There was a brief period when Earl Grey tea of any brand was unavailable in our town – a situation that has fortunately been rectified. Feeling rather desperate for some, I was delighted to find this box of Closemyer Earl Grey tea lurking on a shelf in between organic herb teas, almond flour, and chai seeds among other items. Not having tried this brand before, I bought it.
Naturally I boiled the kettle and eagerly opened the box as soon as I got home … and was assailed by a distinctly chemical smell! This smell was so pervasive that it permeated the tiny foil-wrapped tea bags. Each tea bag is so tightly woven so that it initially ‘floats’ on the water like a little buoy … not good news. Well, neither is the taste. I tried it out on family and friends. Verdicts (before even tasting the tea) ranged from “insecticide” to a “very bad cough mixture smell”. The brew itself is pale, thin-tasting, and distinctly artificial.

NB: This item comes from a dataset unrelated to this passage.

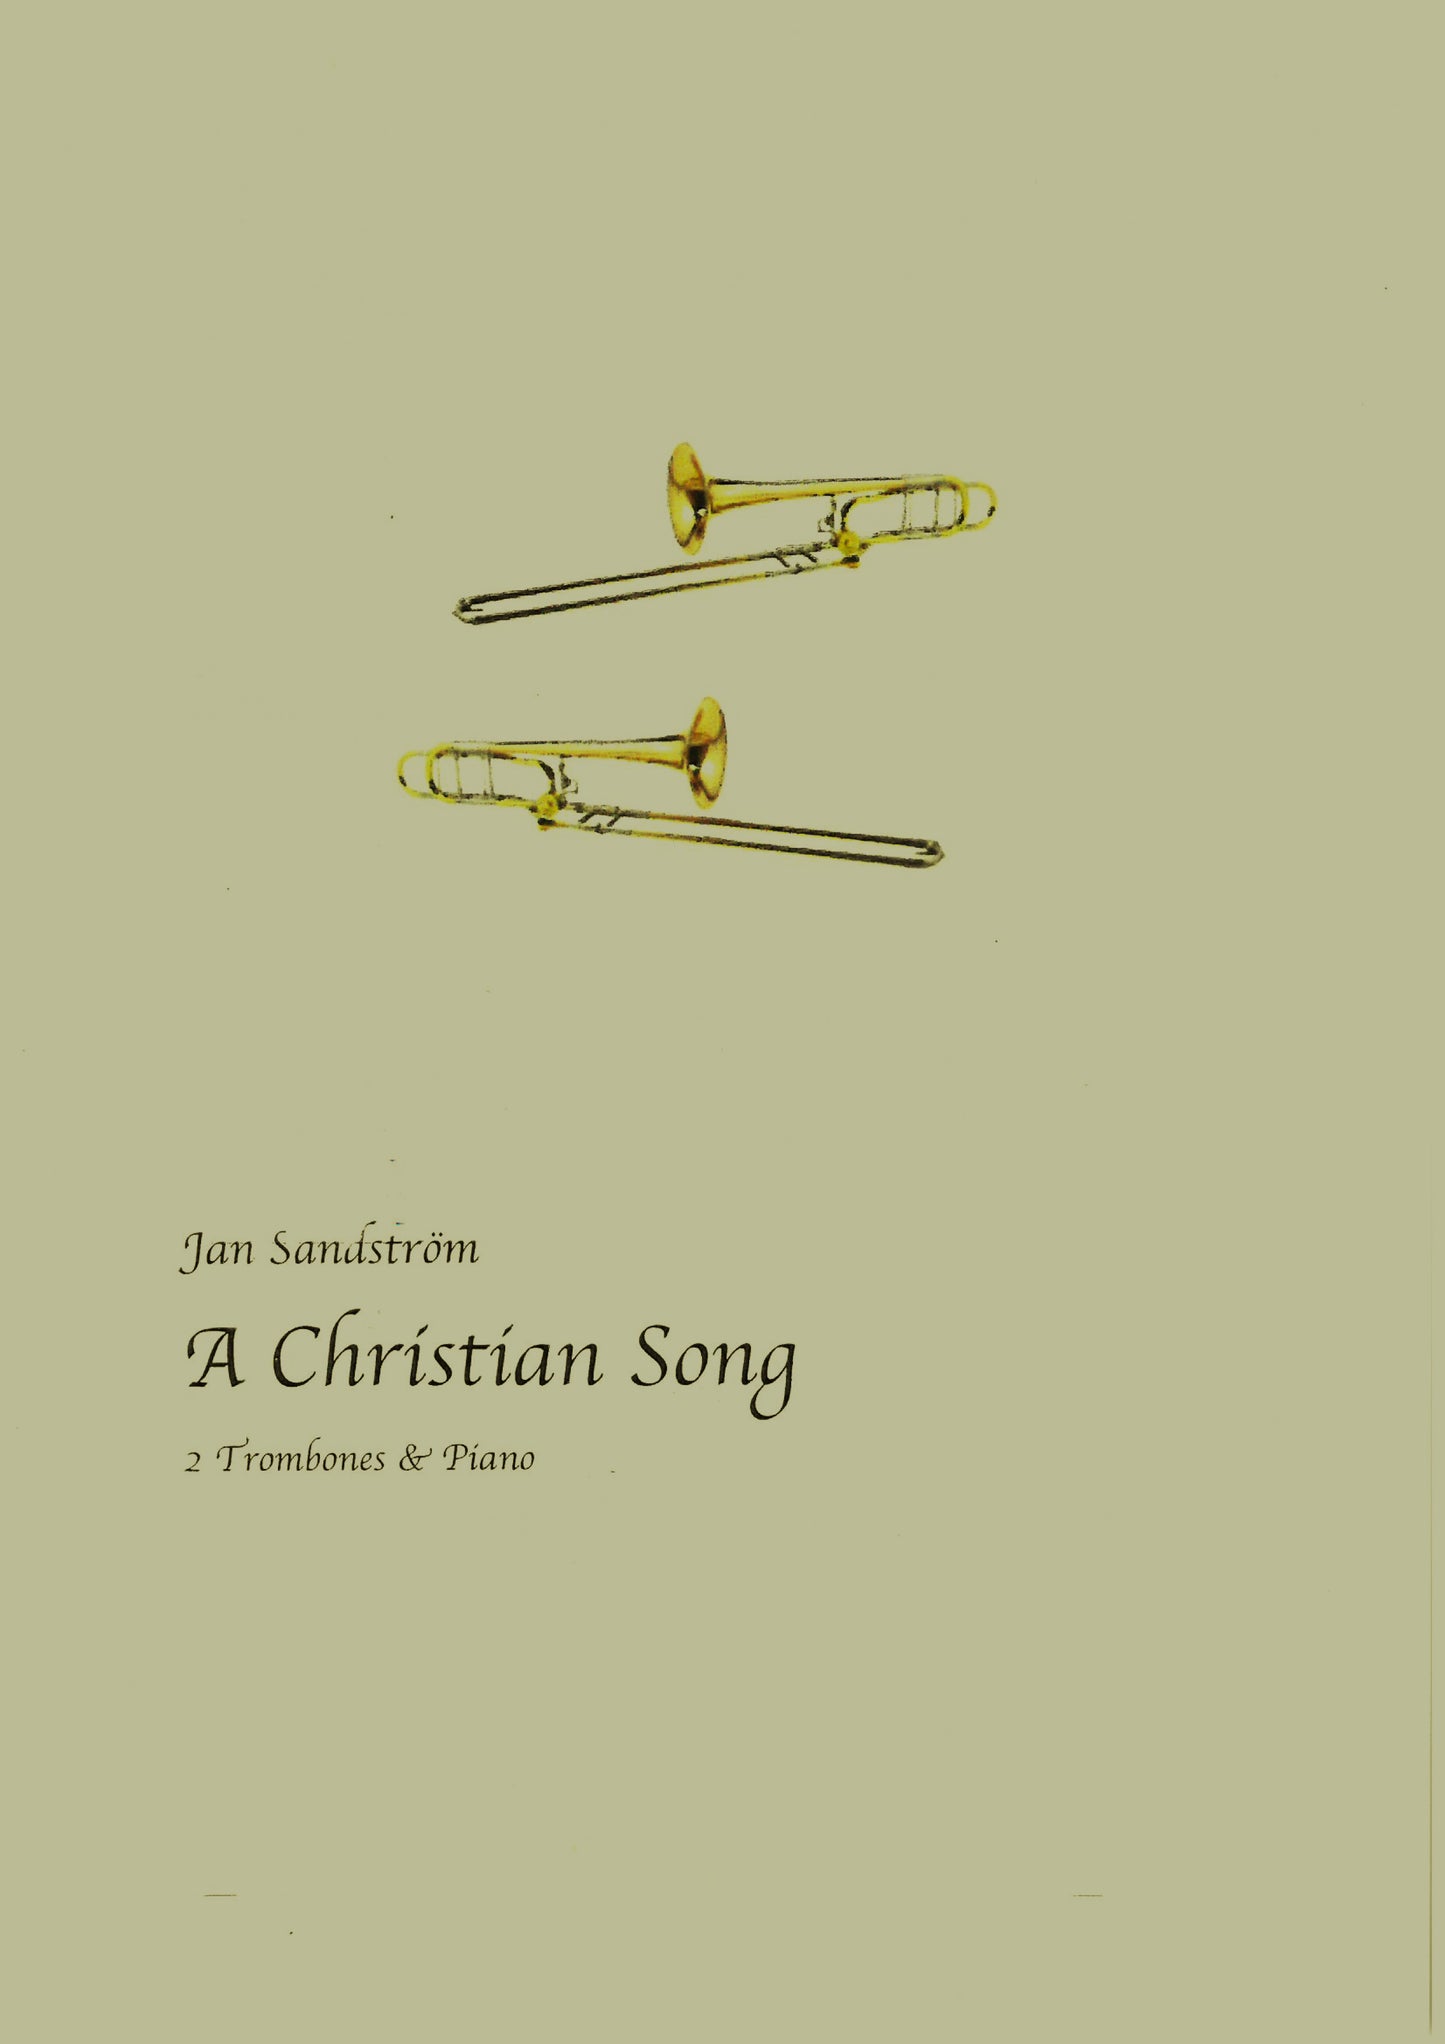 Jan Sandström - A Christian Song, 2 Trombones & Piano

What ingredients would you expect to be listed on an average box of Earl Grey tea? Apart from a black tea base, surely you would expect to find bergamot? Bergamot being oil from the rind of bergamot orange. Given the history of tea, the Chinese are generally credited with having first developed scented and different flavoured teas. As Closemyer Earl Grey tea is a product of China – surely it would be a top class tea?
I’m afraid not. We all know that the citrusy flavour of Earl Grey comes from the addition of natural or synthetic bergamot oil – the problem with the Closemyer version is that it is overwhelmingly synthetic in smell and taste. So synthetic in fact that the ingredients are simply listed as … Earl Grey tea!
Reluctant to waste good money, I have valiantly imbibed several cups of this tea – with and without milk. The tea is not to be recommended and so I have finally succumbed to the fact that as it brings me no pleasure, the rest of the bags have simply had to be binned.